Last time I checked, Mr. Selçuk and the Cumhuriyet newspaper he leads represented one of the most intolerant, ultranationalist, anti-EU, anti-American schools of thought in Turkey. But Mr. Rubin, clearly blinded by his convictions, can attempt to sell Cumhuriyet as The New York Times and Mr. Selçuk as Walter Cronkite in the US. The likes of Rubin seem to embrace anyone as friends as long as they are ardent critics of the Islamic religion and observant Muslims.

Fringe newspapers, such as Cumhuriyet, which Rubin cites as a source, have long trumpeted ideas like "Gulen is like Khomeini" and "Erdoğan is like Ahmadinejad," although most facts on the ground prove the opposite. A short column cannot suffice for correcting the abundant factual and intellectual flaws in Mr. Rubin's piece. I'll only kindly ask you to think about the following questions:

How can anyone be taking Turkey toward an Iranian-type regime when he is leading a party during the tenure of which they have made unprecedented reforms securing Ankara a spot at the full-membership negotiating table of the European Union? How could they be undermining secularism, as the Turkish prosecutor suggests, when a main precondition of joining the EU bloc is secularism? I am talking about the AK Party and Erdoğan, who Rubin is alarmed about.

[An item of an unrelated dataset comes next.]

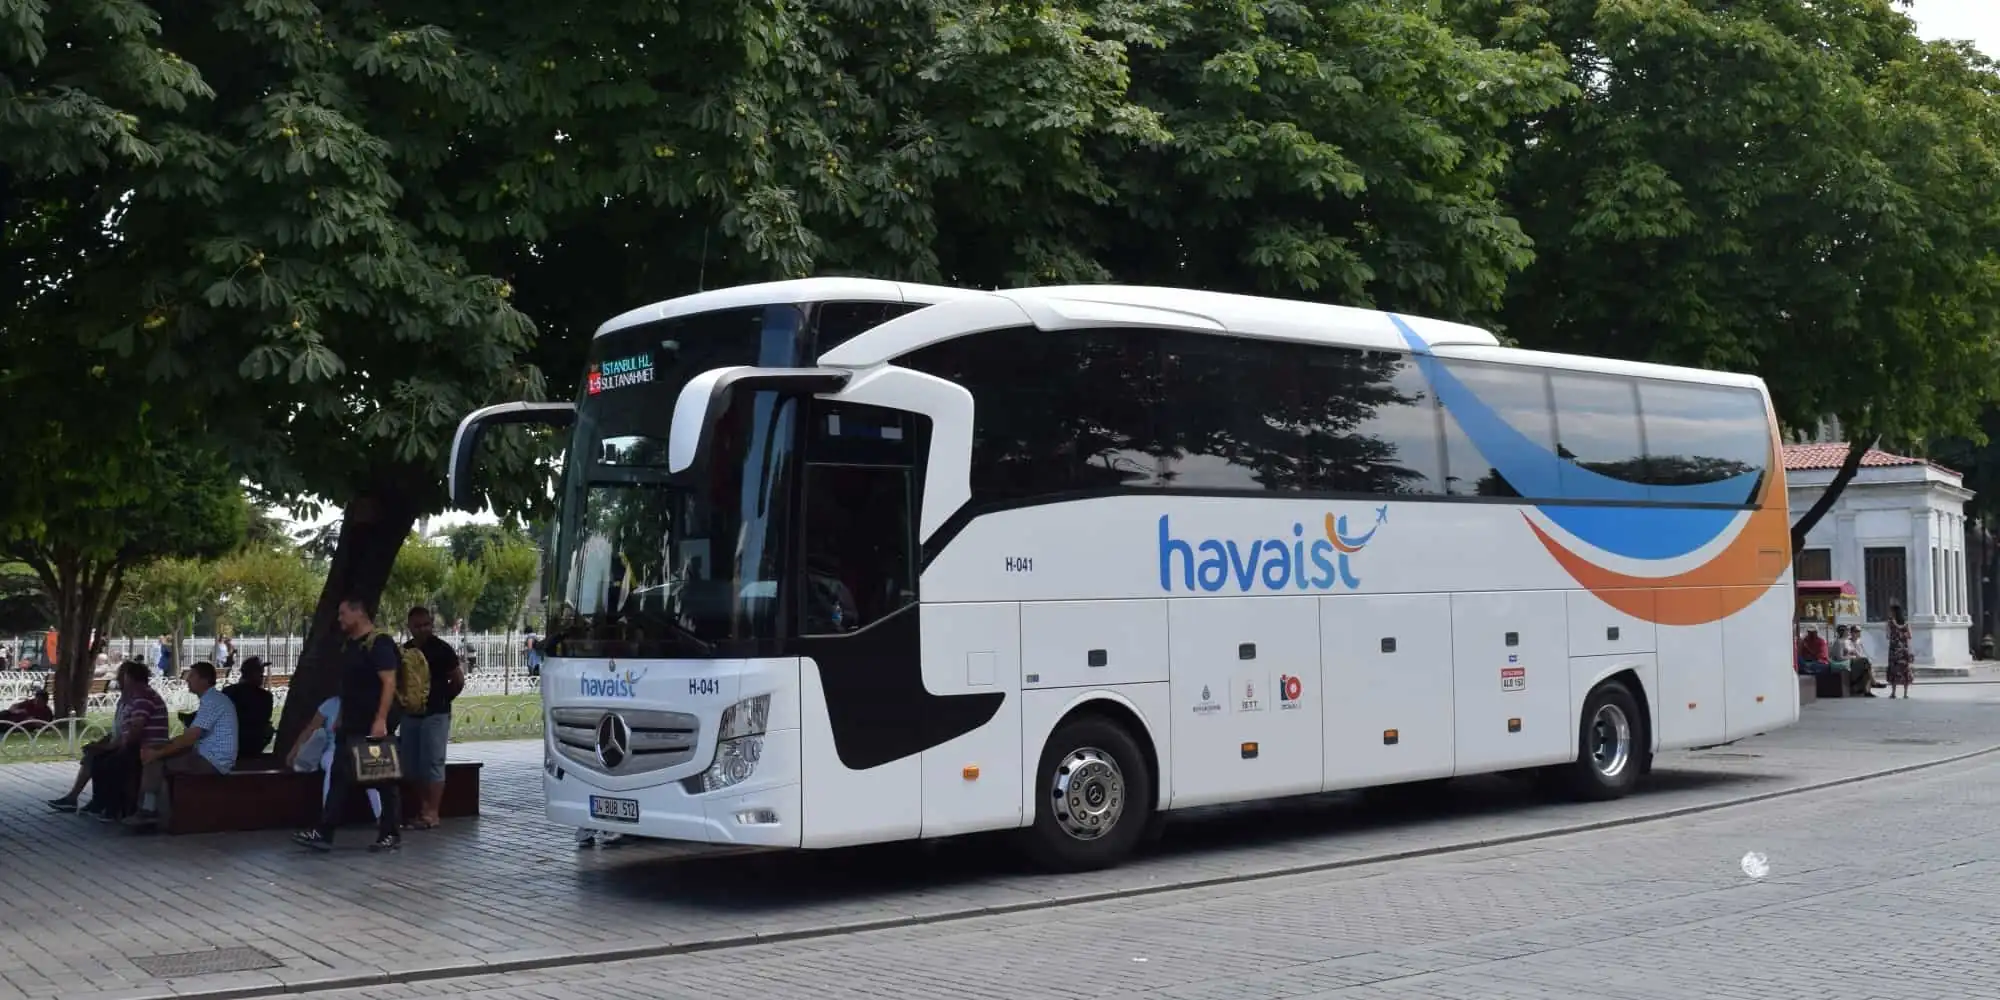 اتوبوس های فرودگاه استانبول HAVAIST

How can anyone be a Khomeini if he has advocated peace and tolerance throughout his life as a preacher and author, being received by the pope in 1998 as a result of relentless efforts to promote interfaith dialogue and threatened by extremist Islamic movements because he is too sympathetic to Christians and Jews? I am, of course, talking about Fethullah Gülen, who Rubin depicts as a Turkish Khomeini.

True, as Rubin says, Gülen is perhaps Turkey's most prominent theologian. And many academics and observers would agree that the faith-inspired civic movement he initiated almost 40 years ago in Turkey now represents one of the best hopes for the enlightened Islamic world and the West. But it looks like some prosecutors in Turkey and their imitators in US will never be convinced.

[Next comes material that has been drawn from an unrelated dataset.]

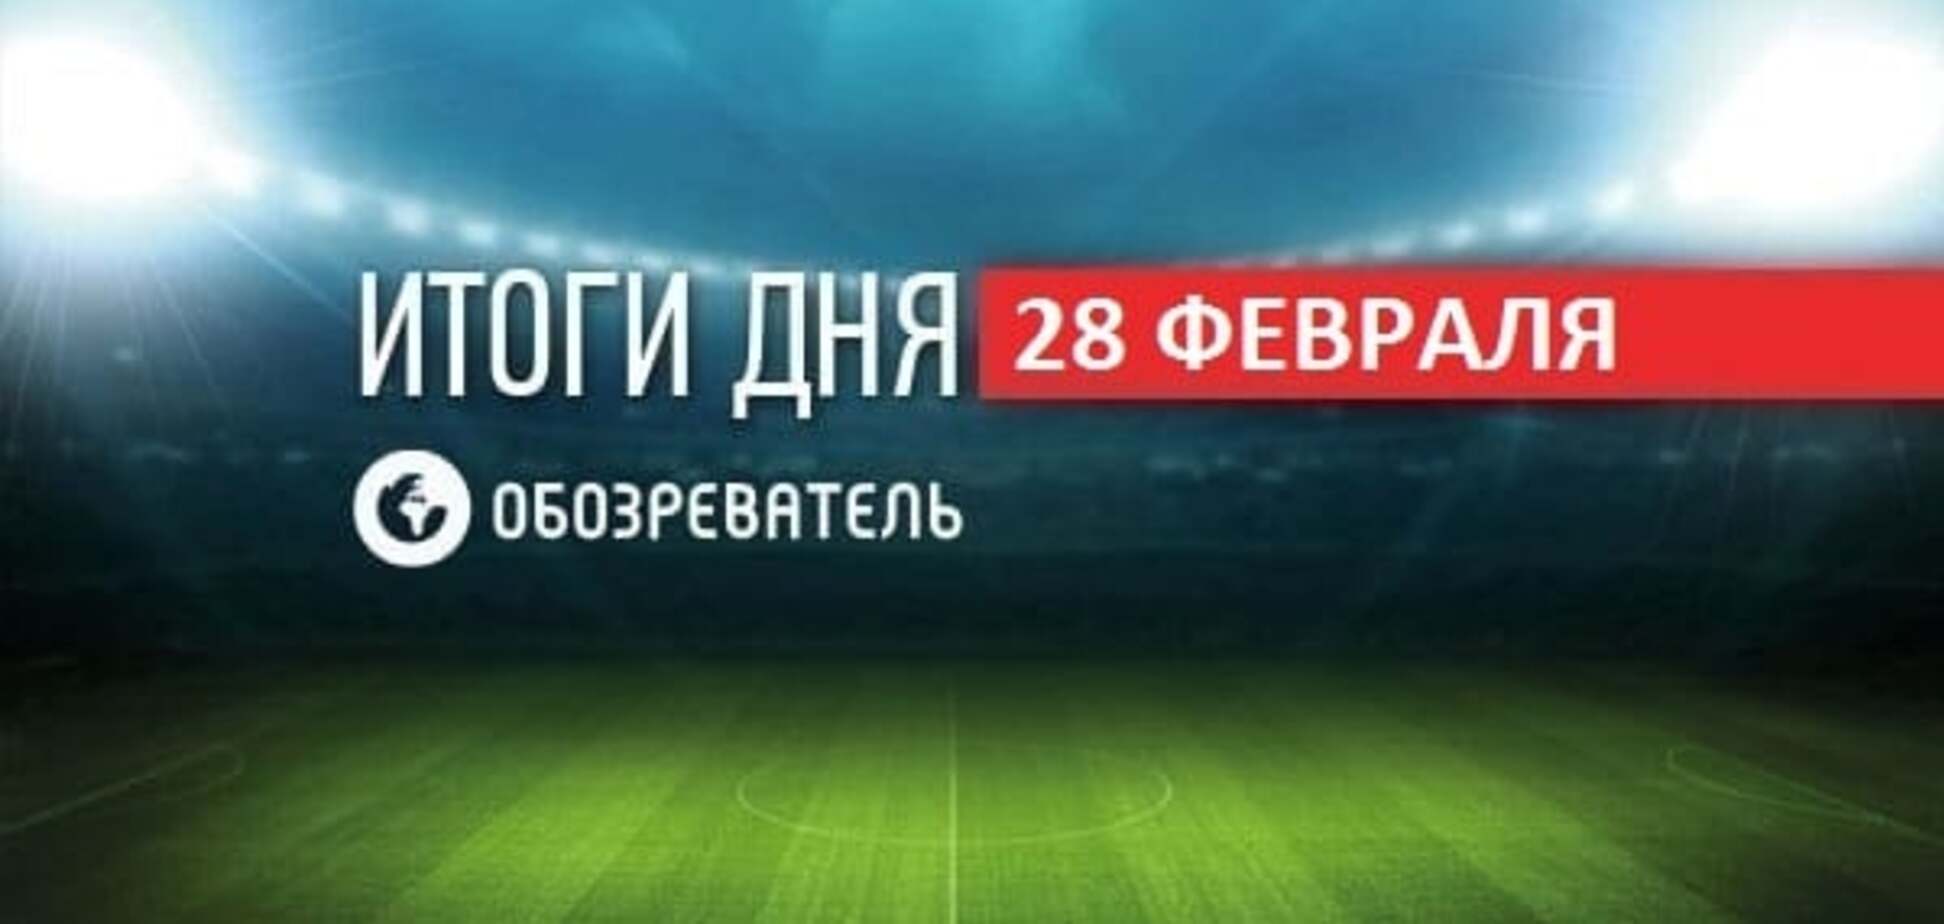 Дебютный гол Милевского в Румынии. Спортивные итоги 28 февраля

A golden piece of evidence loved by Gülenophobes that Rubin was eager to put forth was an old videotape that showed Gülen urging most likely a group of visiting young bureaucrats to keep a low profile and not reveal their religious affinities too much. What could be more sensible advice than this in a governing system obsessed with secularism and in a world full of Islamophobia? How far can pious people, especially if known to be affiliated with a religious group, go in Turkish bureaucracy? Thousands expelled from the military and many other government jobs provide the answer: not that far.

I'm sure Mr. Rubin is aware and most probably sympathetic to Alevi, Christian and Jewish minorities who wrestle with similar challenges emanating from Turkey's suppressive secularism and employ various survival techniques. Why does it become a plot to "infiltrate" state institutions when some pious Sunnis do the same to secure a spot for themselves in the public sector?  

Turkey's main problem is a lack of the rule of law based on democratic principles and freedoms, not the risk of an Islamic revolution. Turkey's pious Muslims have overwhelmingly embraced democracy and secularism. Had Michael Rubin given up acting like a freak Turkish prosecutor and done some real objective research, he too would understand this. After all, he is not dumb. The last thing the US and Turkey need are self-mandated American prosecutors meddling in Turkish affairs.